D'oh! I knew this day would come eventually when my tiny little 90MB /boot partition would get full!

So what to do? Easy, just uninstall some of those old kernels. But how do I do that? It turns out, that is also easy.

First I figure out what kernel I am actually running now so I don't try and delete it. I am not sure what would happen if I tried but I am not going to find out. To determine the running kernel, use uname -r. I am running 2.4.21-52.ELsmp .

Next we want to see what other kernels are installed to find what we can delete. Do this like so:

[root@localhost root]# rpm -q kernel
kernel-2.4.21-37.EL
kernel-2.4.21-37.0.1.EL
kernel-2.4.21-40.EL
kernel-2.4.21-47.EL
kernel-2.4.21-47.0.1.EL
kernel-2.4.21-50.EL
kernel-2.4.21-51.EL
kernel-2.4.21-52.EL

I see that we have 7 old kernels installed.

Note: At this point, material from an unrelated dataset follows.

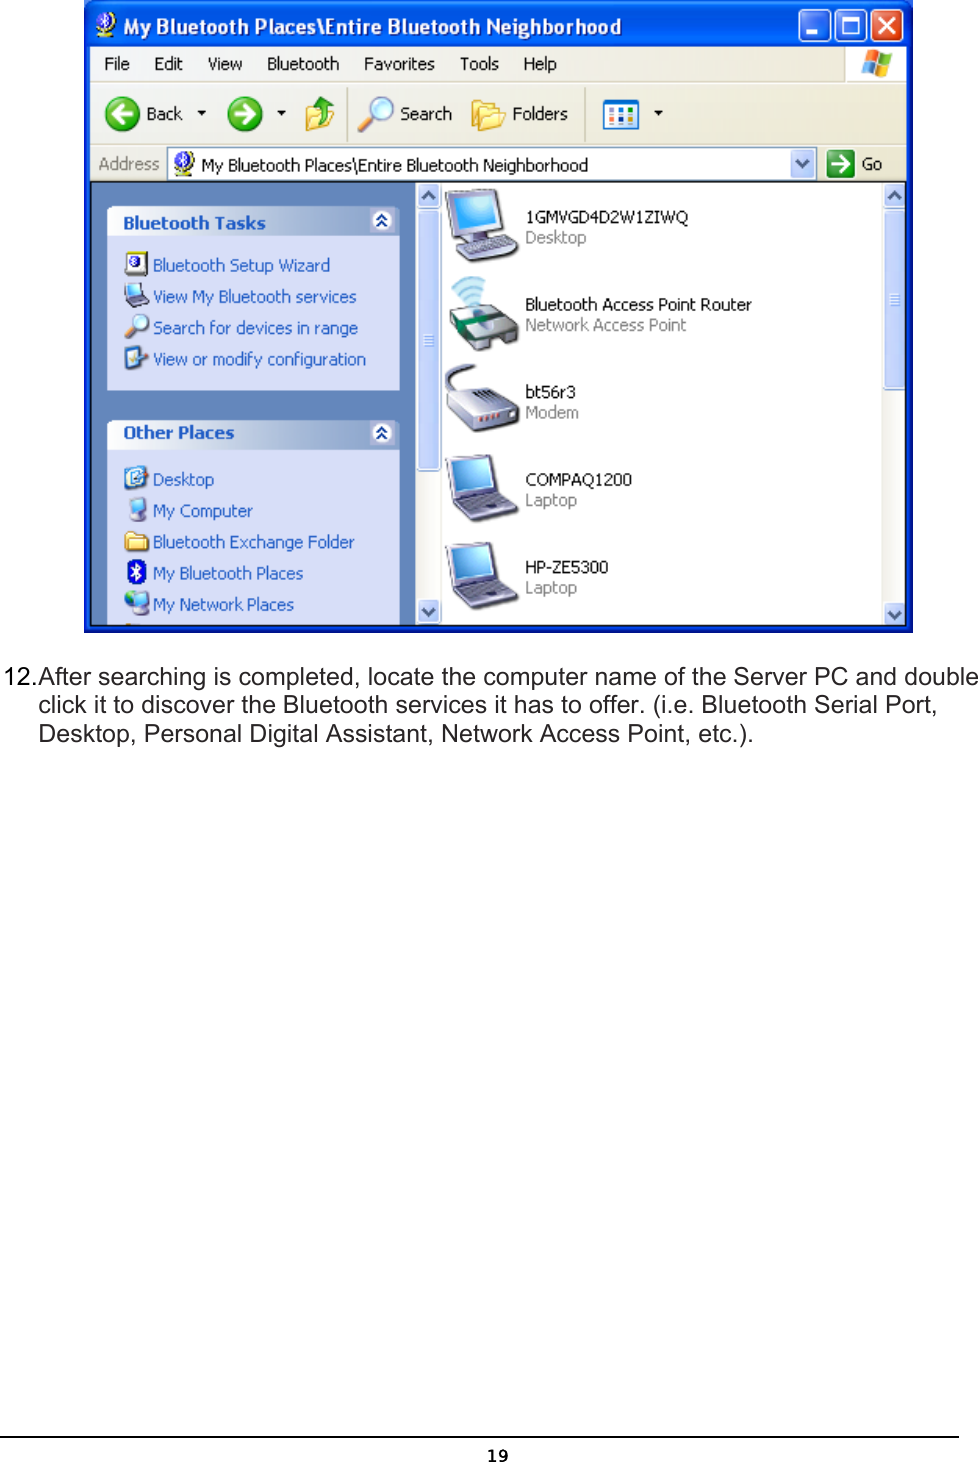   19 12. After searching is completed, locate the computer name of the Server PC and double click it to discover the Bluetooth services it has to offer. (i.e. Bluetooth Serial Port, Desktop, Personal Digital Assistant, Network Access Point, etc.).

Now to delete them, just use rpm -e like so:

rpm -e kernel-2.4.21-37.EL

And it is gone. Rinse and repeat for the other kernels. I only plan on getting rid of a few. This is what was left:

[root@localhost root]# rpm -q kernel
kernel-2.4.21-50.EL
kernel-2.4.21-51.EL
kernel-2.4.21-52.EL

Now I have 30M instead of 5.6M free on my /boot partition and I can continue the update. Unfortunately that didn't clean up /boot/grub/grub.conf to remove the old kernels from the grub boot menu. Maybe that has been fixed in CentOS 4 or 5 (well, RHEL).